Players' corner: Jerry Williams

By Daniel Neman - Oct 06, 2002

  • Job: Writer, producer and director. Also runs a Web site devoted to people involved in the local film and video business, http://www.tvjerry.com.
  • Previous jobs: “The Man in the Dark.” Reviewed movies for WTVR-Channel 6, 1974-1989; also reviewed movies for Style Weekly for 10 years.
  • Stats: 52; born in Williston, Fla. Moved to Richmond to attend Richmond Professional Institute (now Virginia Commonwealth University); graduated in 1971. Lives with his partner of 13 years, Mark Reed. Has a grown daughter, Shenandoah, who works for Linda Ellerbee’s Lucky Duck Productions in New York.

Q. What do you write, produce and direct?

A. Corporate, educational, marketing and training videos and new media, such as CDs. Everything from how to take a blood test to a music video for the FFA [which used to be called the Future Farmers of America]. I recently finished up a training interactive CD for AMF Bowling.

Many of these jobs I work with local production companies. I also edit. One of the things I always say is video is written three times: the script, the shooting and the editing.

Q. You make some commercials, too. Why specialize in long-form video?

A. In some respects, they are more rewarding than commercials. Commercials are immediate, you see them on TV, but you are working with one to eight people sitting around the monitor, all with an opinion.

Q. How did you get started?

A. In 1972 I was hired by Heilig-Meyers furniture. They said, “Here, start doing training videos.” That was innovative, because video was still pretty new. And I worked in Richmond Public Schools for 10 years doing video production.

Q. Has your interest always been film production?
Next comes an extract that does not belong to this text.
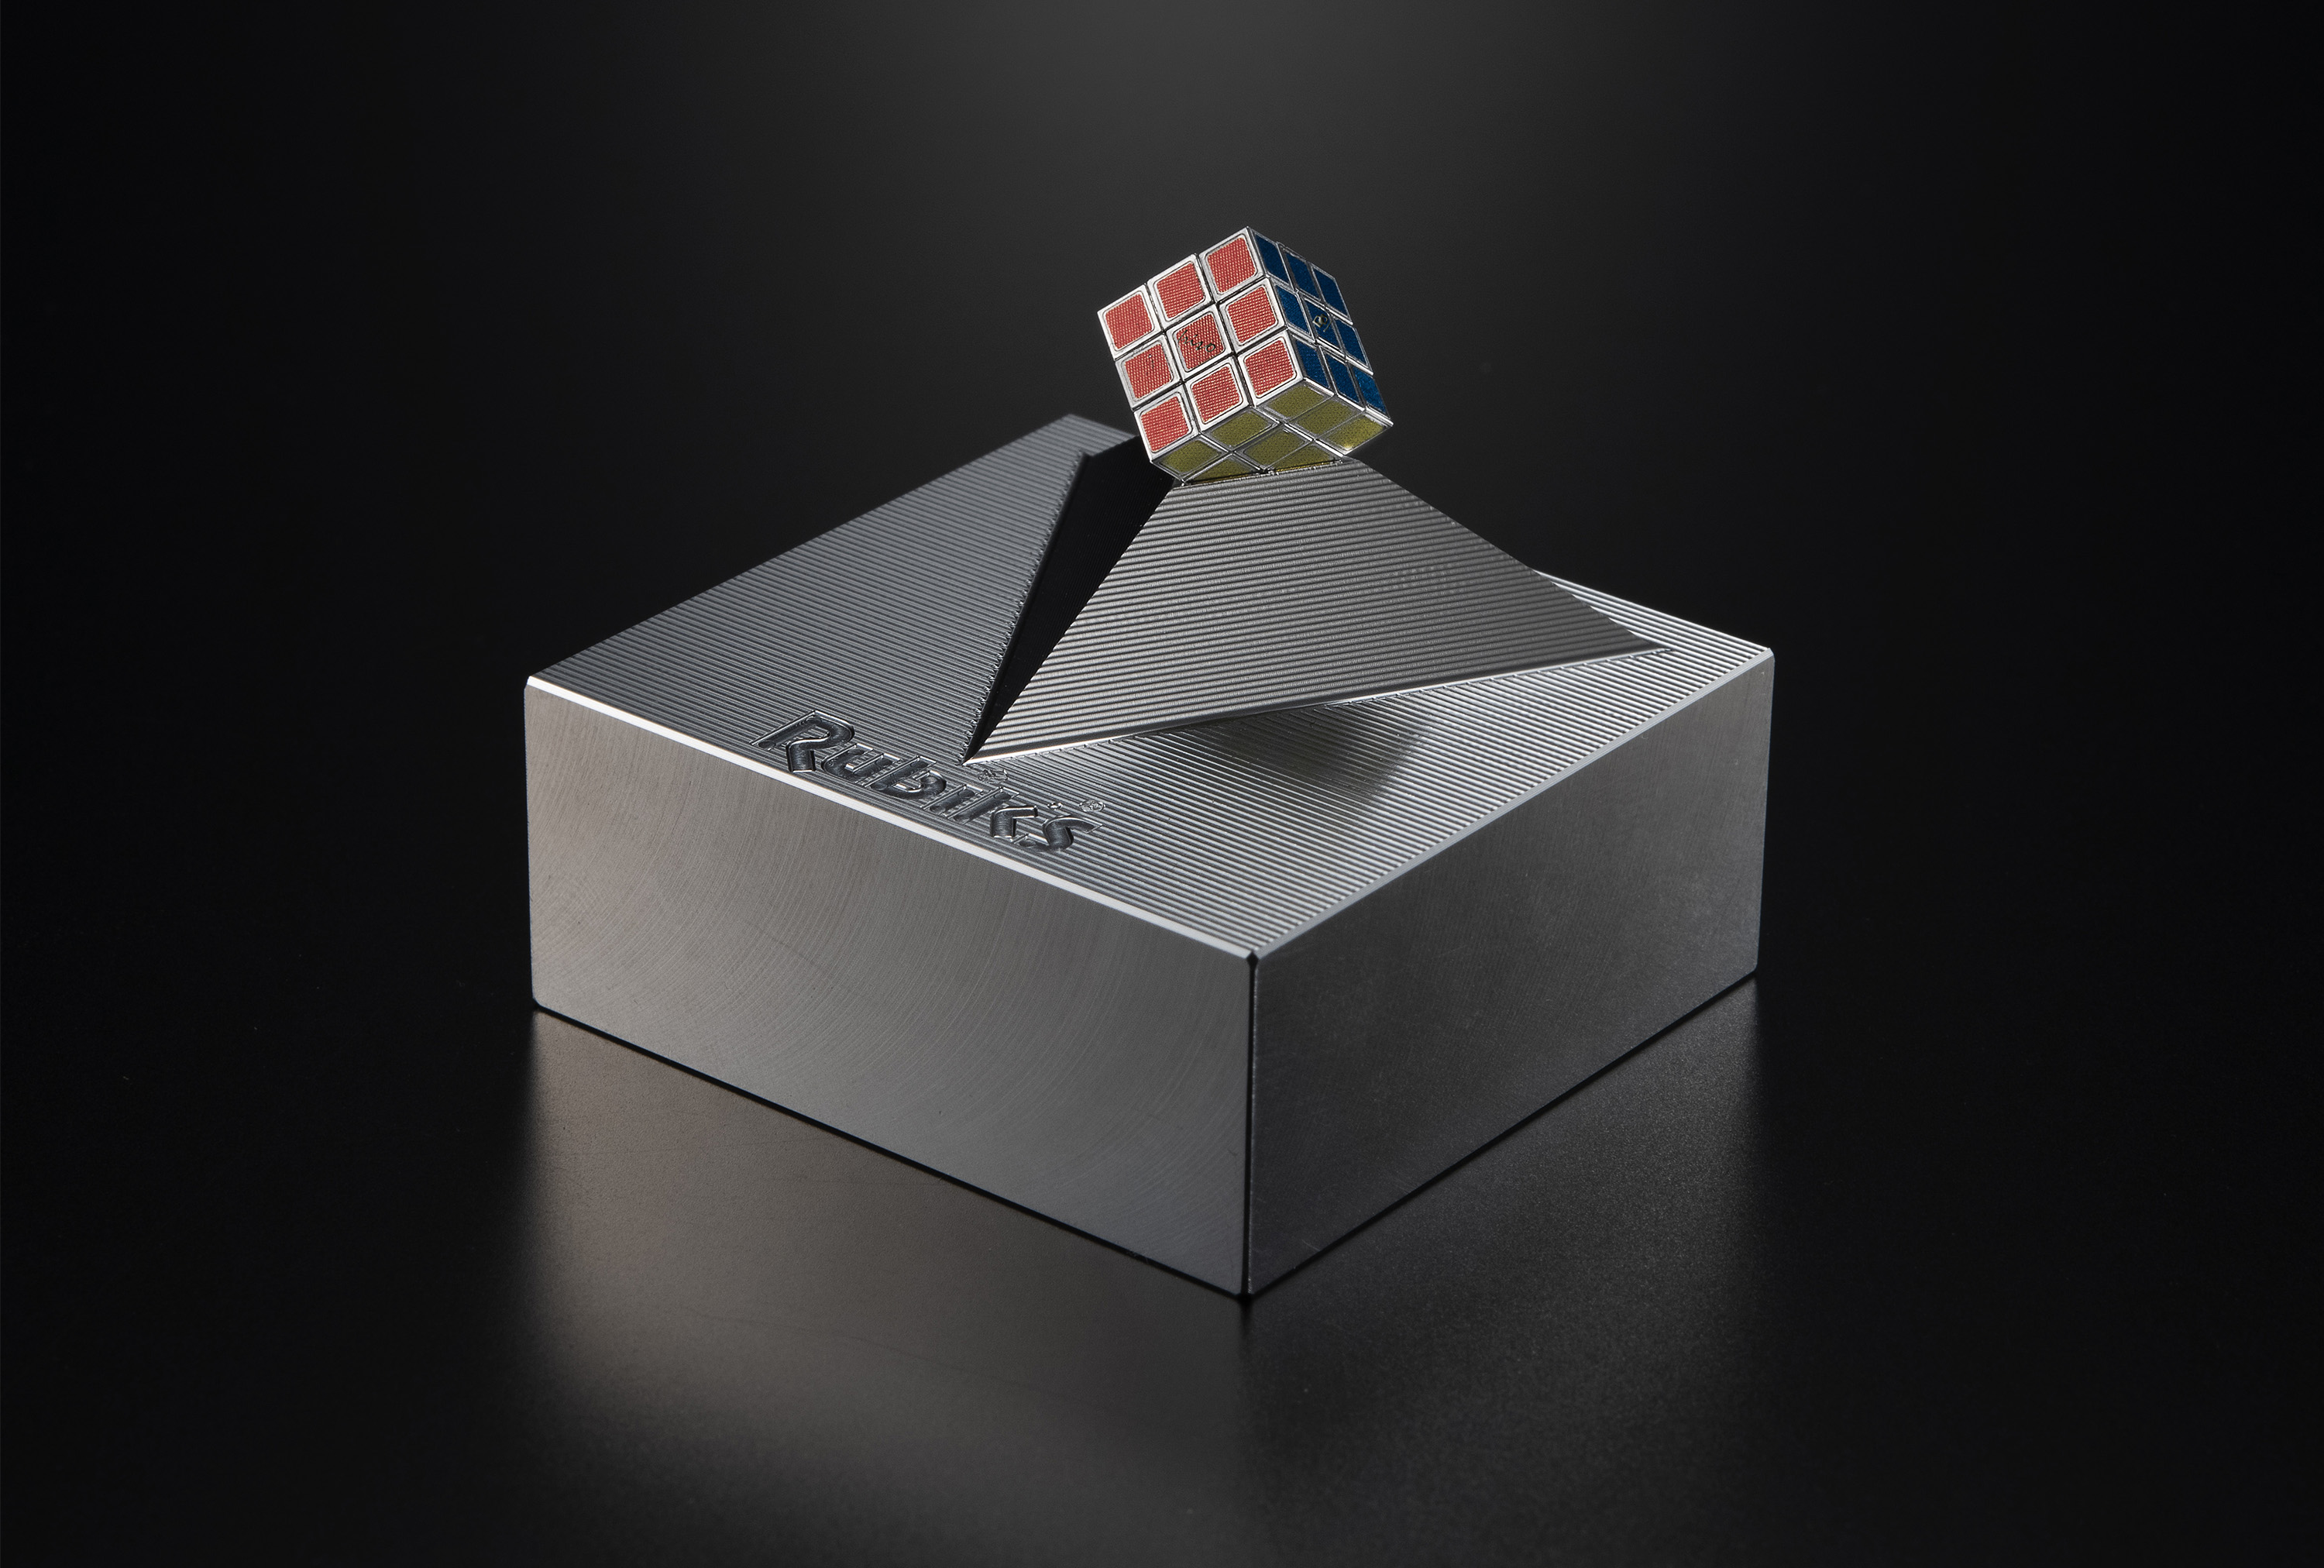 メガハウスより、日本の精密加工技術で作られた「世界最小の金属製ルービックキューブ」が発売決定。世界展開40周年記念のファンアイテム_004

A. My degree is in theater directing from VCU. At the same time I was doing radio. I did Richmond’s first progressive rock radio show, called “Veronica Lake,” in 1971. We thought most people wouldn’t know who [1940s movie star Veronica Lake] was and they would think it was a place to go swimming.

We played everything from Frank Zappa to Jefferson Airplane to Muddy Waters. It could be blues, it could be even jazz, it could be off the wall, it could be anything. Bill Martin of Barber Martin Associates advertising was my program director.

Q. How did your background in radio and theater translate into film and video?

A. Combining the two was perfect for video, because you have all the different elements. Radio teaches you to combine elements like sound effects, music, voice to create a finished product. Video does the same, but it adds pictures.

In what I do, I can usually get it pretty close to what I envisioned. And it’s on tape forever and I can have what I want.